The skier is pulled at speeds that would indicate a complete lack of self-preservation. There are rings suspended above the snow and the skier weaves back and forth across the street and stabs the wand through the rings. The skier does this while flying 40 or 50 feet over jumps.

They repeat this at least twice. This is an American sport, so the fastest skier with the most rings wins.

Skijoring for fun and profit

Legend has it skijoring was started in Leadville back in 1949 by two guys who were sitting in a cafe drinking coffee and eating a pie. It was coffee they were drinking, they promise.

Locals like Graham and Rose Bearden introduced skijoring to places like New Hampshire, and it’s gotten huge on the East Coast. They’ve been known to travel all the way to upstate New York.
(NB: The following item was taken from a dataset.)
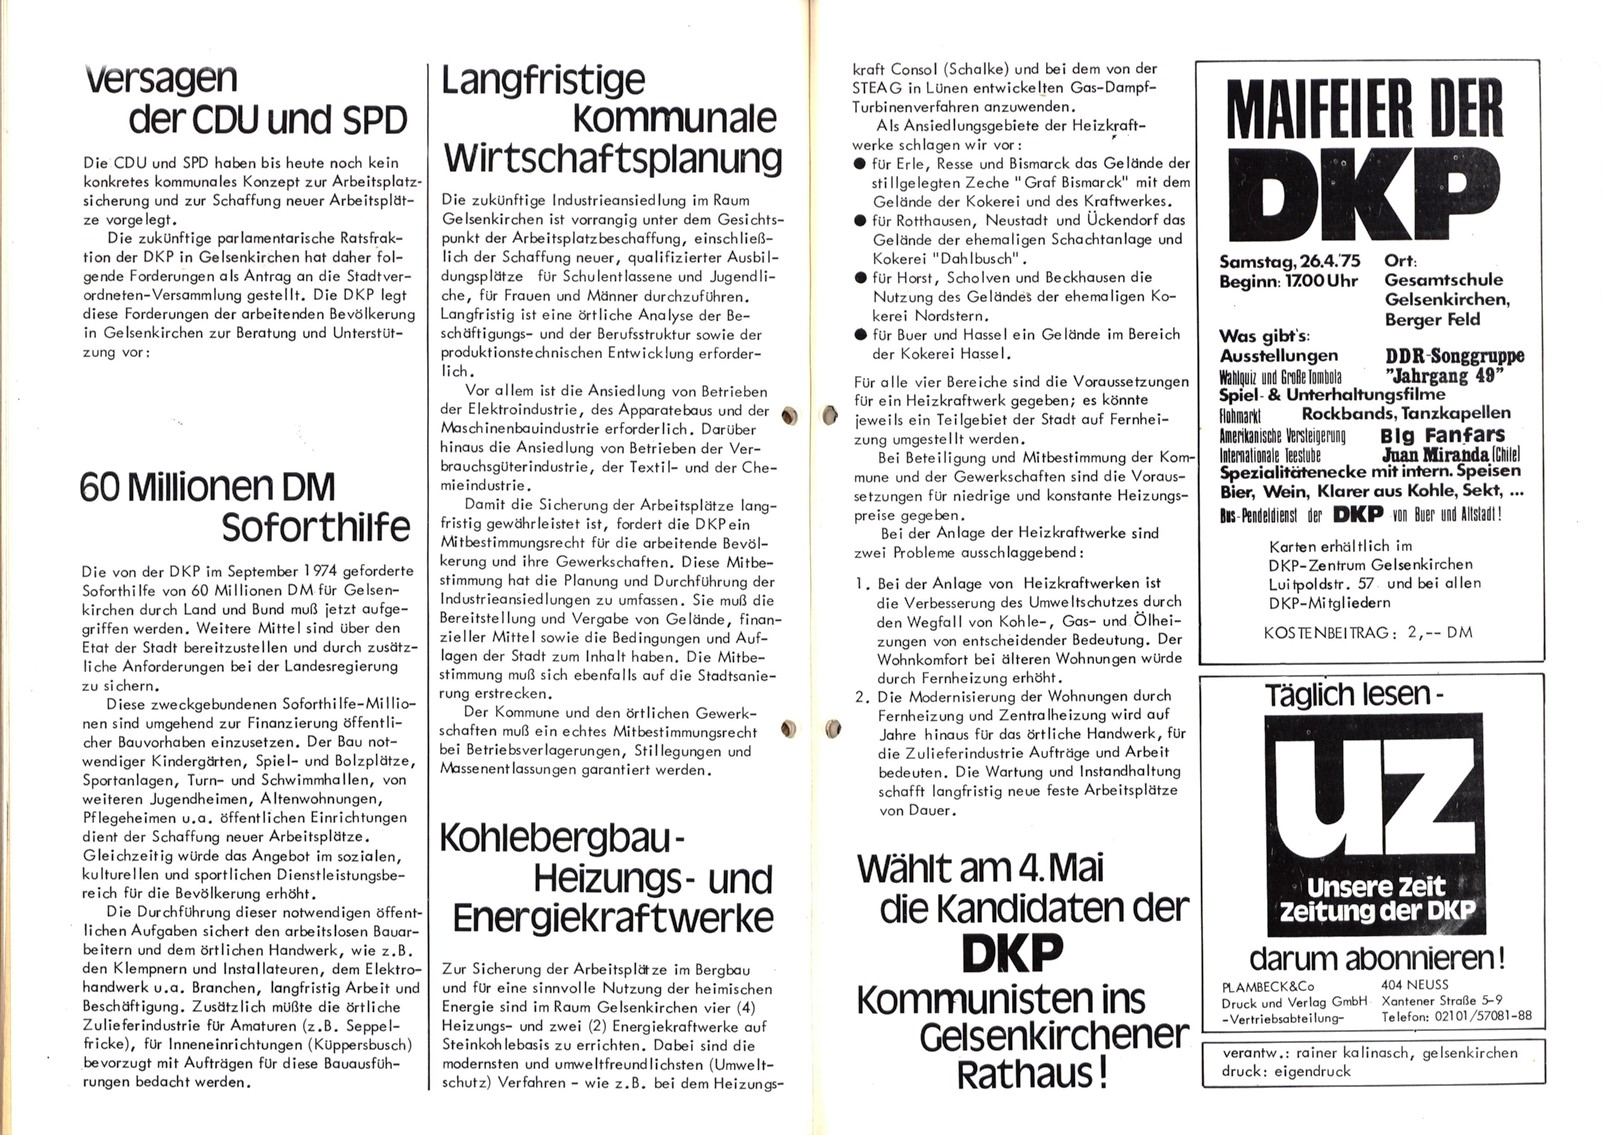 GE_DKP_Blechmacher_19750400_02

If you’re serious enough, you can travel to Quebec, New Hampshire and around the East Coast.

In these parts you can go skijoring in Minturn, Leadville and Silverton. You’ll find two events in Wyoming, two in Idaho, and a few in Montana. Graham traveled to Whitefish, Mont., 22 hours one way, for the granddaddy of all skijoring events.

They award a world title every year, and if you want it, you’ll have to hit the road.

“I travel all over the U.S. doing it, and I wanted to try to stay a little closer to home,” Graham said. “It used to be huge in Colorado. We’re trying to bring it back.”

The local skijoring folks approached the Minturn town council who decided to give it a run.

“Minturn seems to be a great location for some of the off-beat events that might not fit in places like Beaver Creek,” said Michelle Metteer, Minturn’s event coordinator.